- _INFORMATION_:
=-=-=-=-=
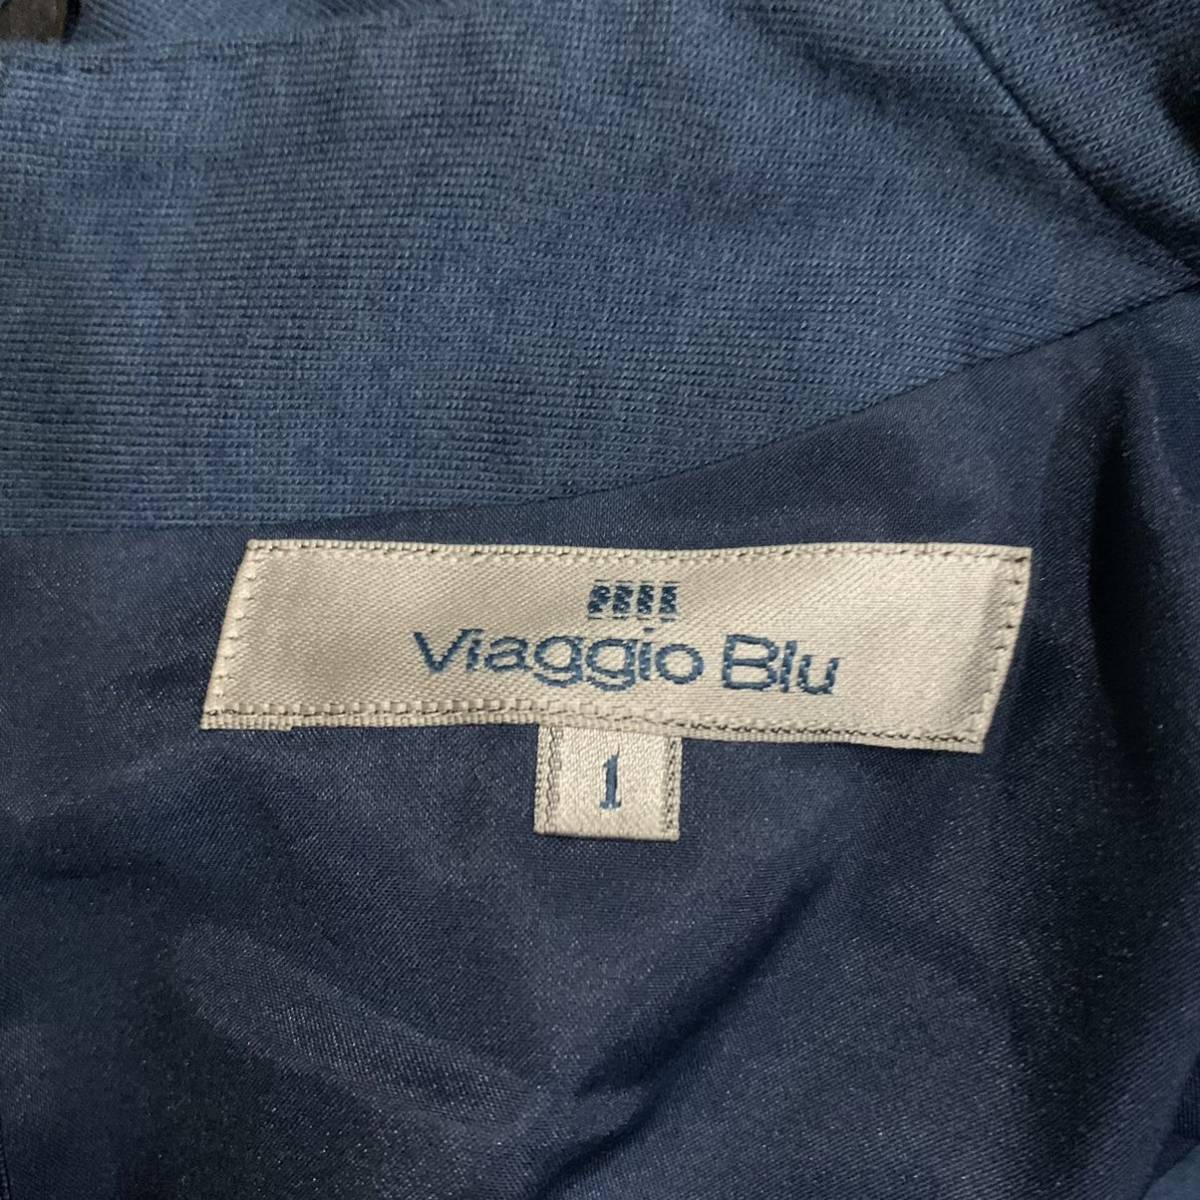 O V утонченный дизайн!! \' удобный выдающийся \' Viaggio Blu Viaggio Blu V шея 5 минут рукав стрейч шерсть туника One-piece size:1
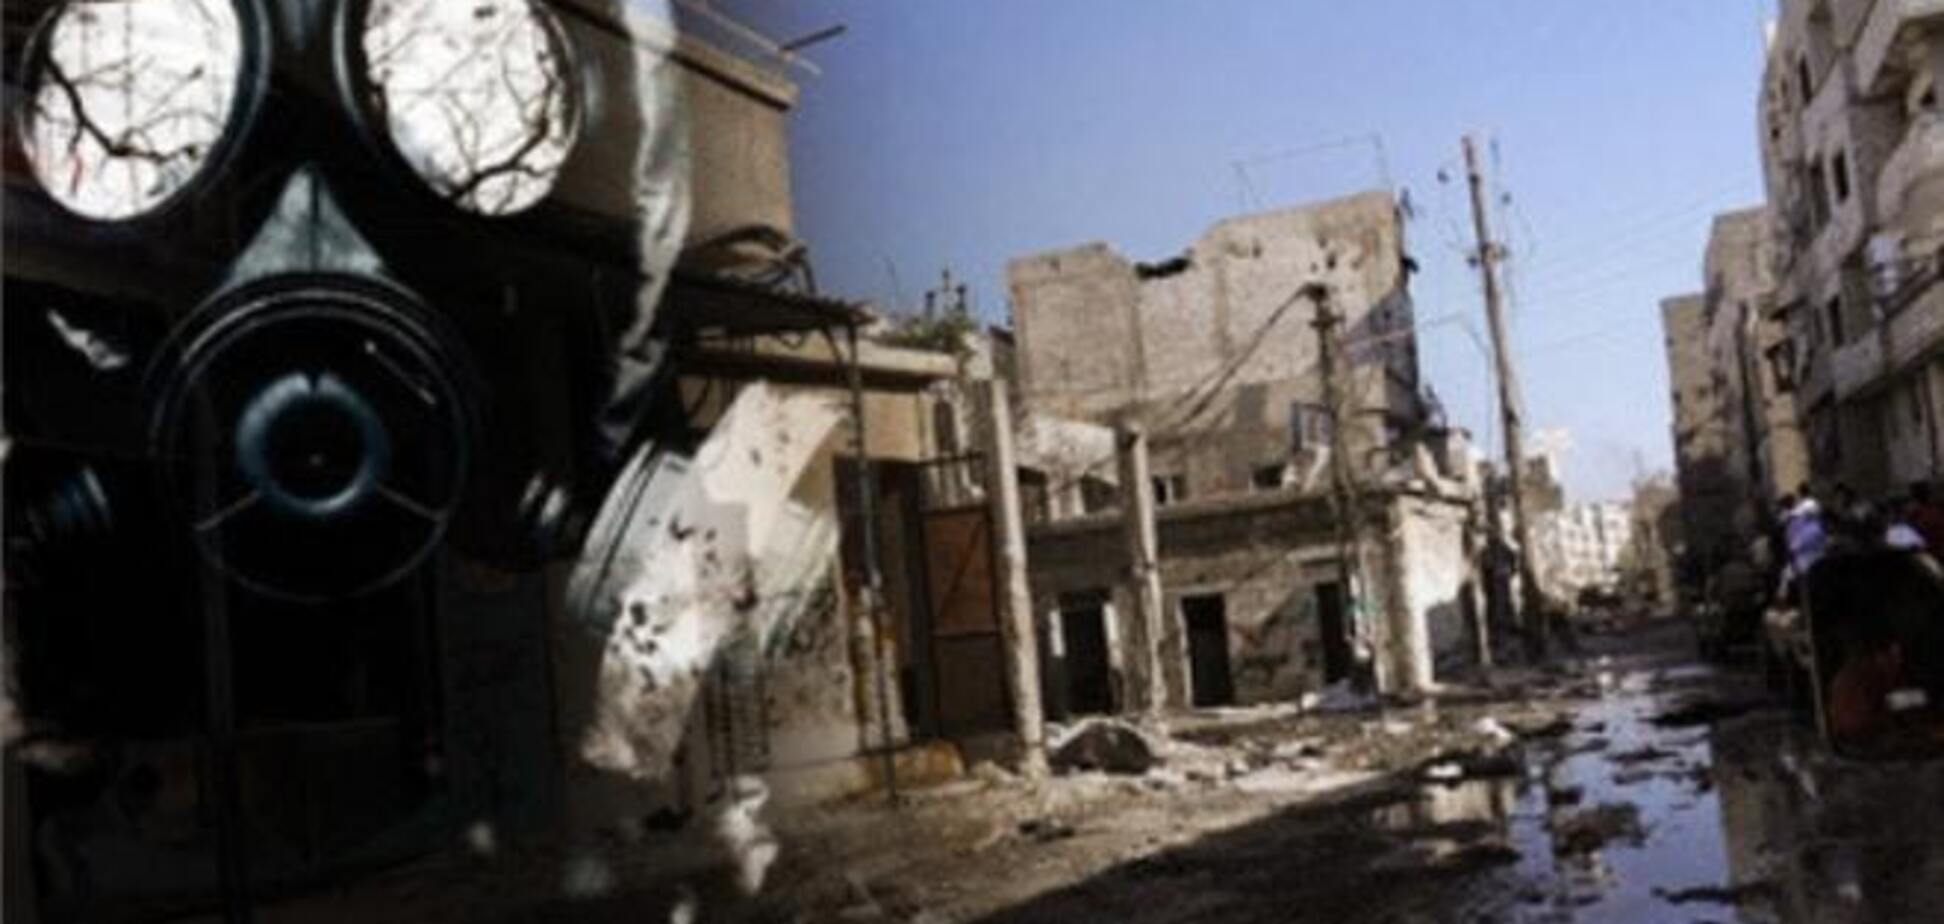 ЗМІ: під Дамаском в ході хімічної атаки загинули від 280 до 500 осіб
=-=-=-=-=
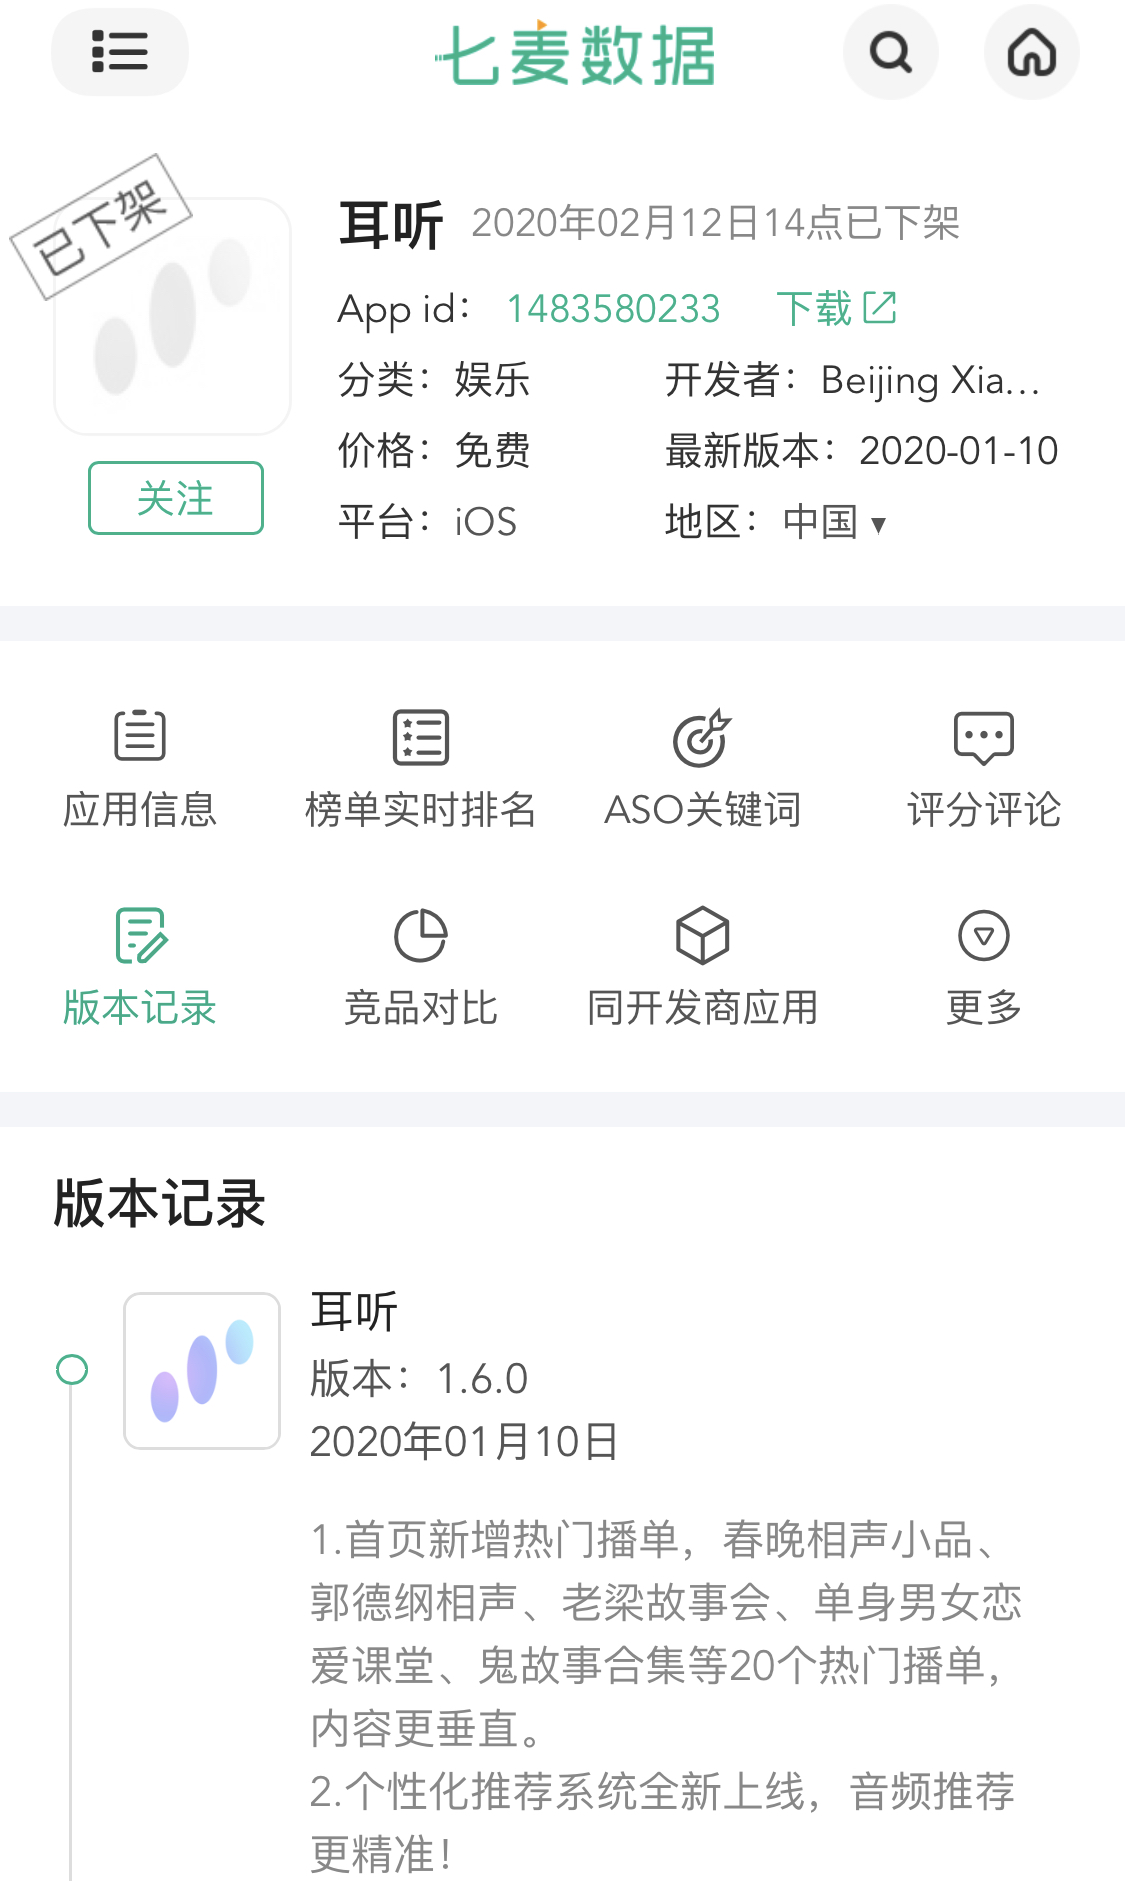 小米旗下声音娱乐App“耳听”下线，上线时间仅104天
=-=-=-=-=
- _WHAT YOU NEED TO DO_: Make an exact copy of the lines above, beginning with the line with "O V утонченный" and ending with the line with "ЗМІ: під Дамаском", and keep the pictures out of it.

- _RESPONSE_:
 O V утонченный дизайн!! \' удобный выдающийся \' Viaggio Blu Viaggio Blu V шея 5 минут рукав стрейч шерсть туника One-piece size:1
 ЗМІ: під Дамаском в ході хімічної атаки загинули від 280 до 500 осіб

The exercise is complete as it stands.